Bueh... Esta burrada mía hay que matizarla un poquico reconociendo la existencia de una corriente más o menos copiosa (y curiosa) de pelis yanquis de serie B y Z bastante interesante y digna de reivindicar (desde pequeñas joyas olvidadas como "The Witchmaker" o "The Brotherhood Of Satan" hasta bizarradas descacharrantes del estilo de las que publica en DVD esa entrañable serie titulada Something Weird Video). Bueh... Pues la peli de la que ahora nos ocupamos pertenece a ese momento. Y, desde luego, a la primera categoría (la de las pequeñas joyas más o menos ocultas que urge reivindicar).
Verdaderamente, en la segunda mitad de los 60’s y durante los primeros 70’s (antes de 1973) hubo una especie de moda brujeril y satánica en el cine americano de serie B con la suficiente entidad como para crear algo parecido a un subgénero. Algo que, a veces, se ha pensado que había surgido a rebufo del éxito de "La Semilla Del Diablo" de Polansky, pero que, a mi parecer, es más o menos independiente (aunque es verdad que a partir de 1968 deja notar ciertas influencias de la peli polanskiana).

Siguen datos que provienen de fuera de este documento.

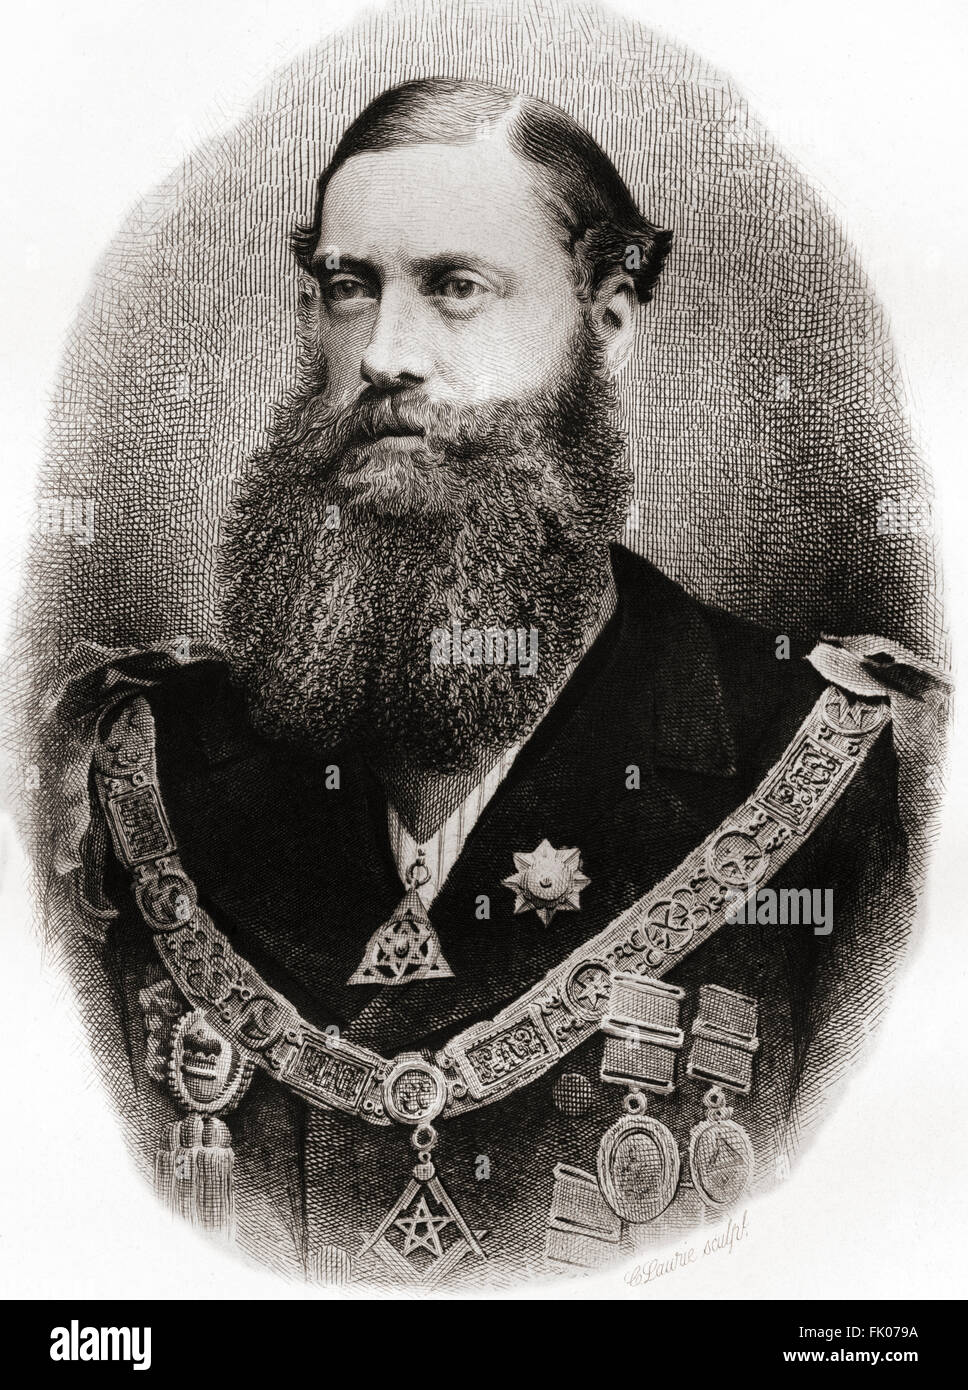 Bootle-Wilbraham-du-Prince-Édouard, 1er comte de Lathom, 1837 - 1898, alias le Seigneur Skelmersdale entre 1853 et 1880. Homme politique conservateur britannique et vice-Grand Maître de la Grande Loge Unie de maçons de l'Angleterre. Banque D'Images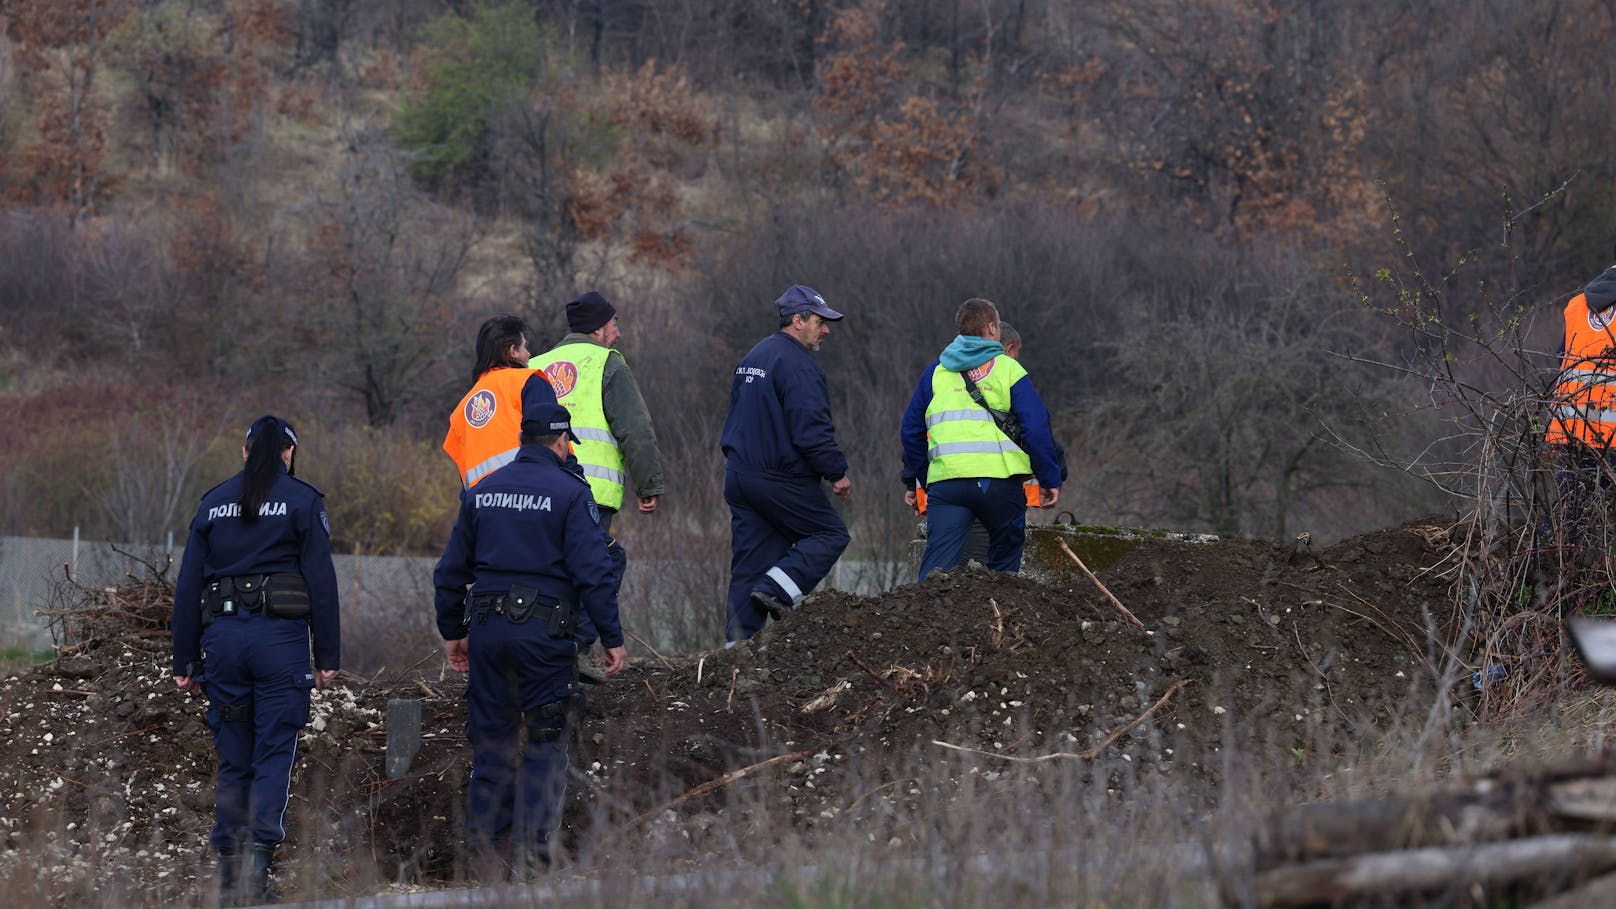 Einsatzkräfte der Polizei durchkämmen jeden Quadratzentimeter rund um die Siedlung Banjsko polje auf der Suche nach der vermissten Danka.

Bueh, pues esta película forma parte de todo eso. Pero con matices.
En el libro "American Gothic, El Cine De Terror USA 1968-1980", coordinado por Antonio J. Navarro (lo recomiendo a todo aficionado al género) se da cuenta de esta especie de subgénero brujeril-diabólico siquiera sea de forma sucinta. Y se establecen algunas de sus curiosas características, entre las que destacan la presentación de sociedades adoradoras del diablo o sectas brujeriles en escenarios rurales, más o menos aislados, del profundo sur o del medio oeste (jugando a aplicar la “otredad” a una especie de América profunda contrapuesta al medio urbano... una América atrasada, hostil, encerrada en sí misma) y la insistencia en el carácter más o menos comunitario de esos satanistas, esas brujas (como una especie de versión distorsionada de la sociedad americana tradicional). Sólo esos dos elementos ya diferencian claramente esta “corriente” de lo que plantea "La Semilla Del Diablo" y marcan una distancia evidente. Aunque hay más...
Curiosamente, "Simon, King Of The Witches" no reúne ninguna de ellas. Pero tampoco se parece a la peli de Polansky. Como en ésta, la acción se desarrolla en un medio urbano y moderno. De igual forma, las brujas y magos que aparecen no forman sociedades comunitarias reconocibles (de hecho, Simon es una especie de francotirador, de outsider solitario que va por libre) sino que se mueven con normalidad en el ambiente de su tiempo... Pero ahí acaban las coincidencias entre las dos cintas.
Así pues, la peli protagonizada por Andrew Prine es, por decirlo de alguna forma, doblemente rara. No guarda parentesco con el satanismo moderno y urbano de "La Semilla Del Diablo" ni con las brujerías rurales y comunitarias del subgénero de finales de los 60’s. Es otra cosa... Va tan a su aire, tan “por libre” como el propio personaje protagonista....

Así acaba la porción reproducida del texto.